Model Release
Hugging Face Releases Borealis, 5B Audio-Language Model for Russian and English
Hugging Face announced Borealis, a 5B parameter open-source audio-language model trained on Russian and English data, achieving 20.88% WER on Russian benchmarks.
Image: Hugging Face
Hugging Face has released Borealis, an open-source audio-language model designed for Russian and English. The model, which is 5B parameters in size, was trained using a combination of Whisper3-large and Qwen 4B as the LLM backbone, with an adapter glued in between. According to the company, Borealis was trained from scratch and is an open take on Voxtral / Flamingo-audio. The model is designed to summarize long recordings, answer questions about content, and reason about tone and emotion. The architecture of Borealis includes a strong audio encoder, a strong LLM, and an adapter between them. The model was trained with a 4× downsampler and MLP adapter, with the audio input at 16 kHz. The company noted that the audio encoder is frozen to preserve ASR quality and that the adapter is trained to align the model to the target language. The training data for Borealis was assembled from several data pools, including audiobooks and generated instructions via Gemini 2.5 Pro. The experimental setup included questions about the effectiveness of training data language, the impact of adding plain-text instructions, and the optimal ratios of languages and text data. The results showed that training data language had a significant impact on performance, with EN-only hitting 20.88% WER on Russian benchmarks. The company also noted that adding plain-text instructions had a non-linear impact, with 10–15% text helping and 25% text degrading performance. The webinar problem was identified as a persistent issue, with Borealis achieving 60% WER on webinars compared to 7.77% for plain Whisper. The serving and integration of Borealis with transformers involved asynchronous processing of the encoder and LLM, with the adapter serving as a simple MLP. The company also detailed the augmentation pipeline and the vLLM plugin used to speed up the model. *Source: [huggingface](https://huggingface.co/blog/AlexWortega/borealis)*
Key points
- Hugging Face released Borealis, a 5B parameter open-source audio-language model trained on Russian and English data.

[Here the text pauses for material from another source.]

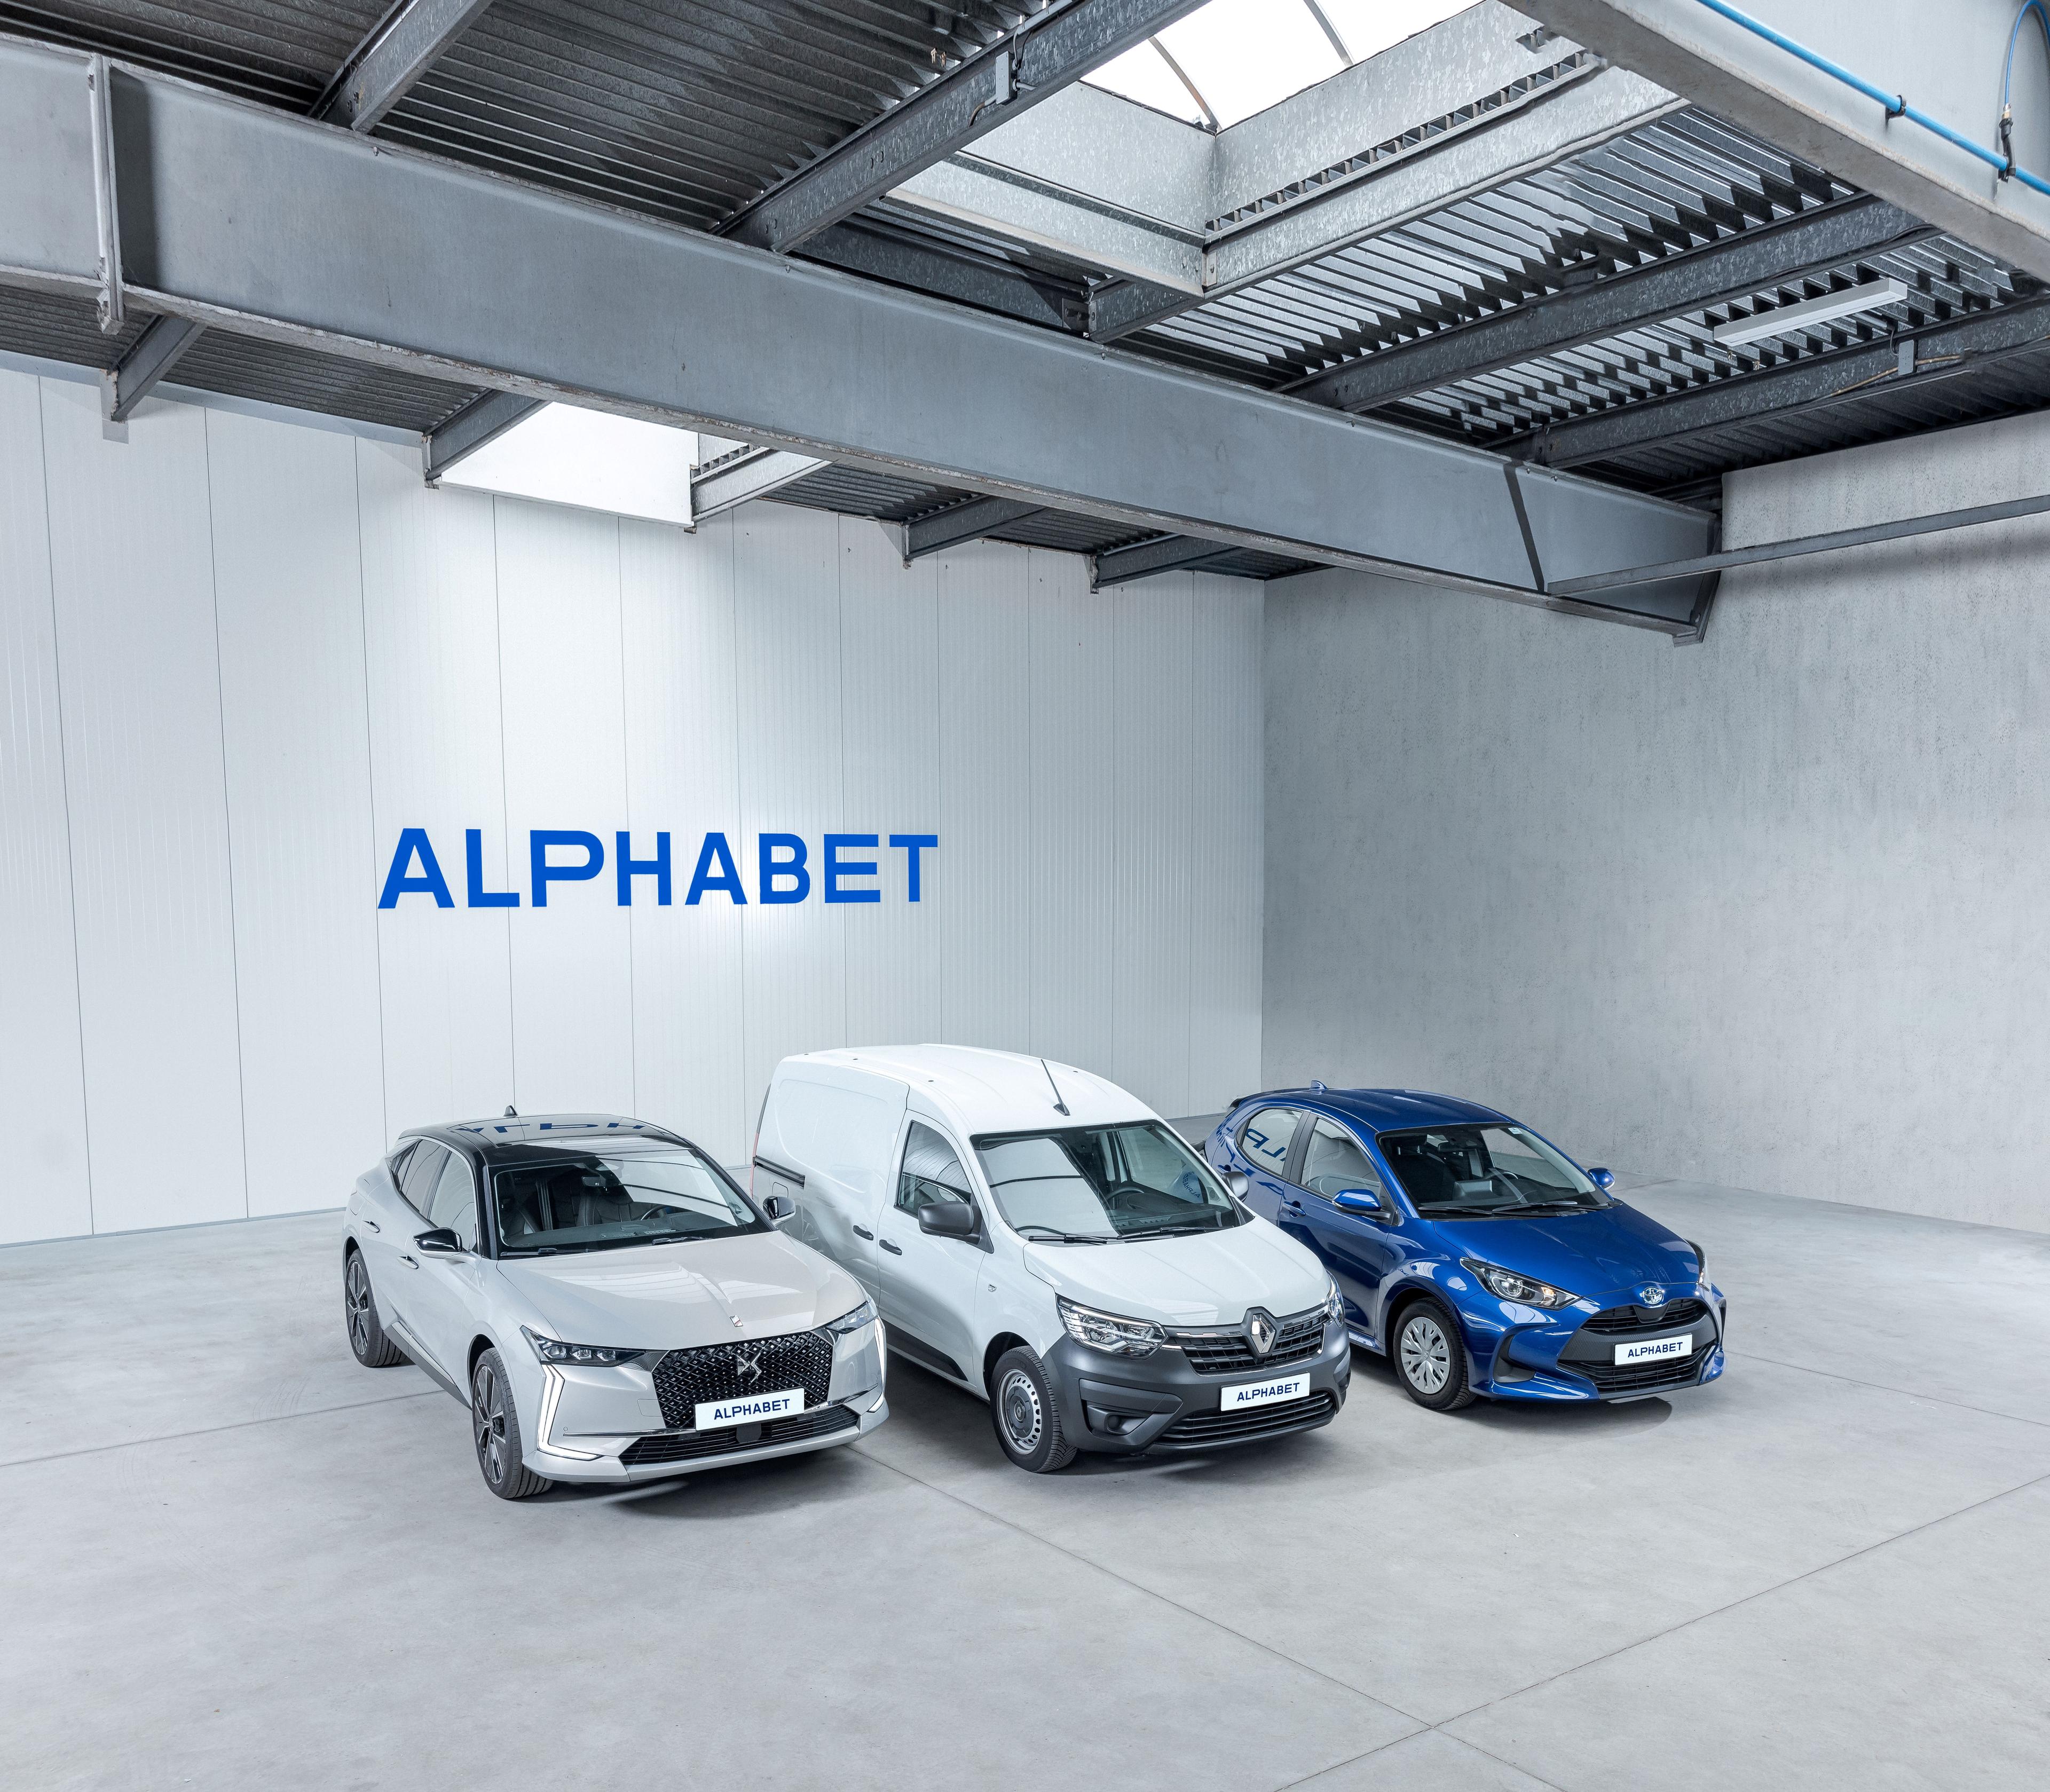 Three vehicles, two cars and a van, lined up against an Alphabet logo backdrop
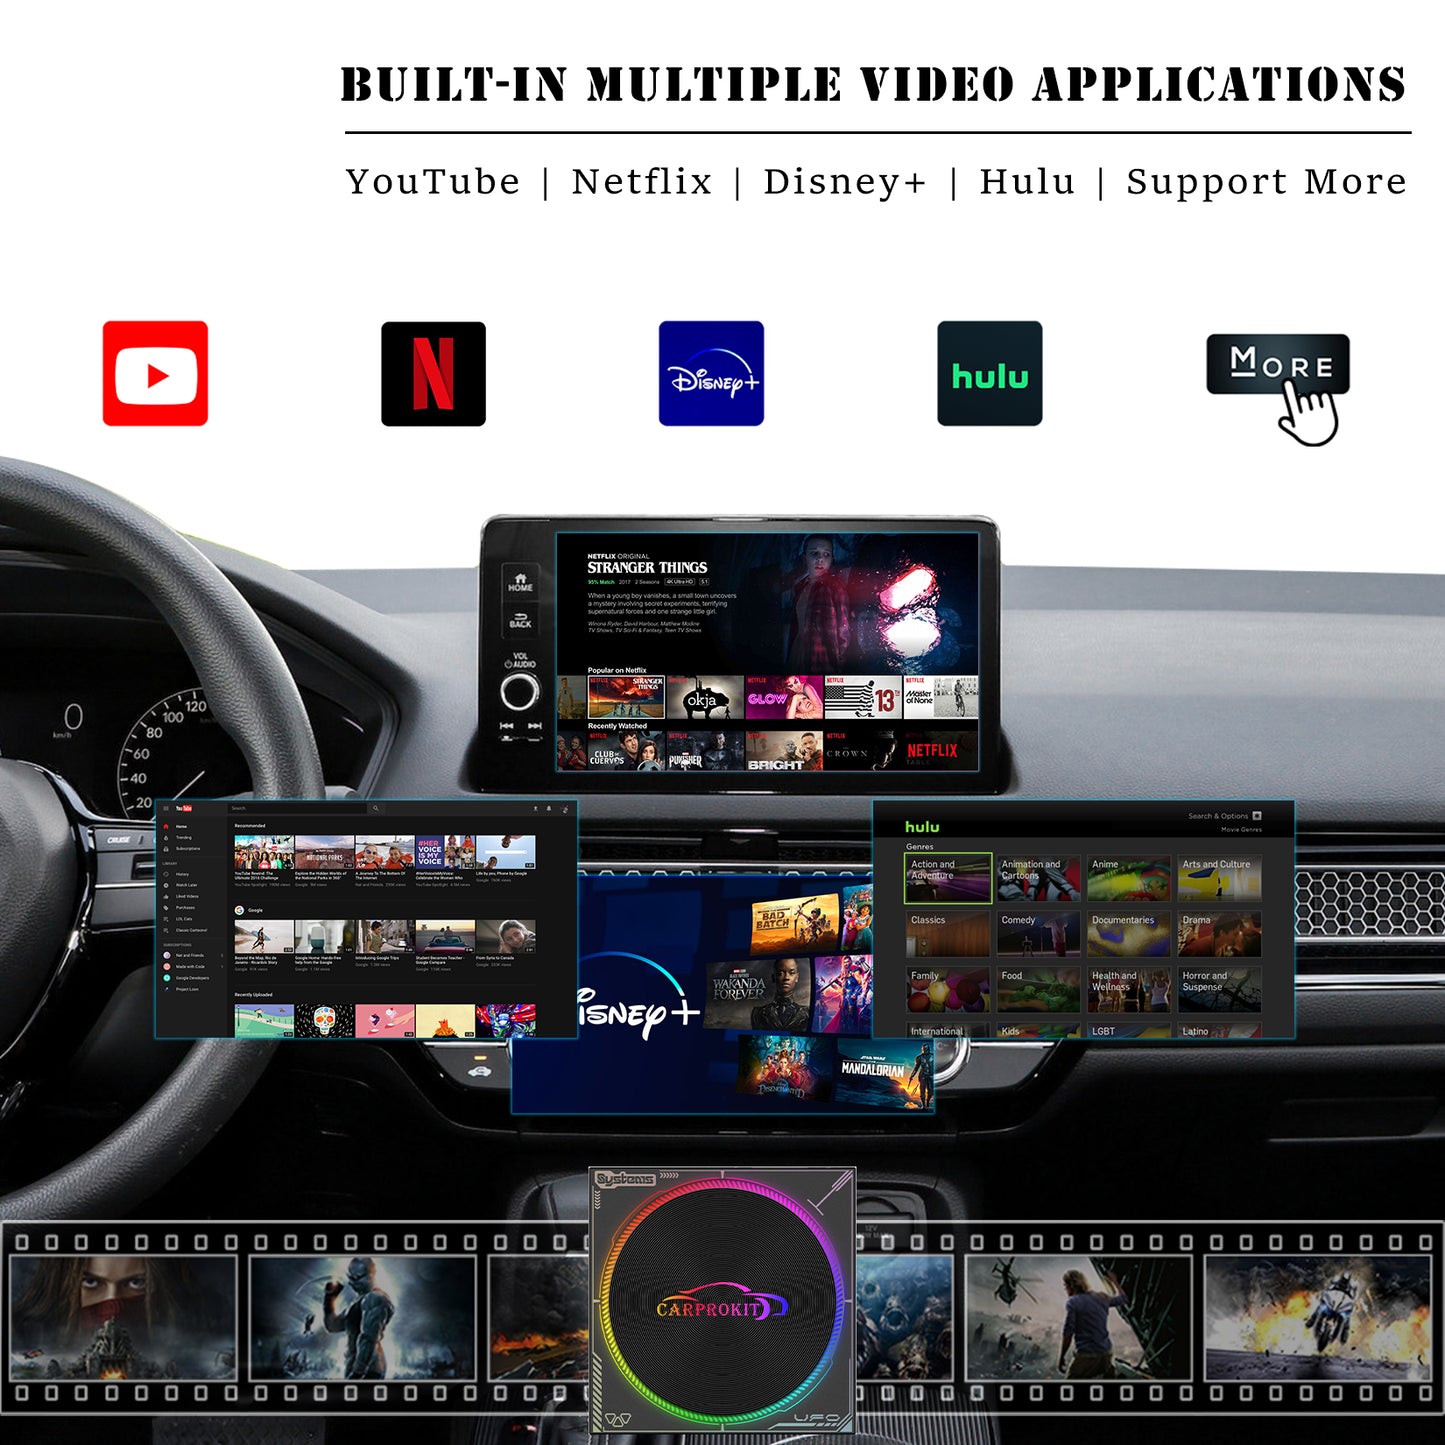 5IN1 Wireless Apple CarPlay Android Auto Adapter Car Screen Mirroring Android 13.0 AI Box Built-in YouTube Netflix Hulu Disney+ QCM6225 8GB+128GB

- Borealis achieved 20.88% WER on Russian benchmarks when trained with English-only data.
- The model uses a frozen Whisper Large V3 encoder and a Qwen3-4B LLM with an adapter between them.
- Adding plain-text instructions improved performance up to 10–15% but degraded it at 25%.
- Borealis struggles with webinars, achieving 60% WER compared to 7.77% for plain Whisper.
- The model's adapter is a simple MLP with 31M parameters for the Whisper-large × Qwen3-4B setup.
- Hugging Face developed a vLLM plugin to integrate Borealis with the framework for faster inference.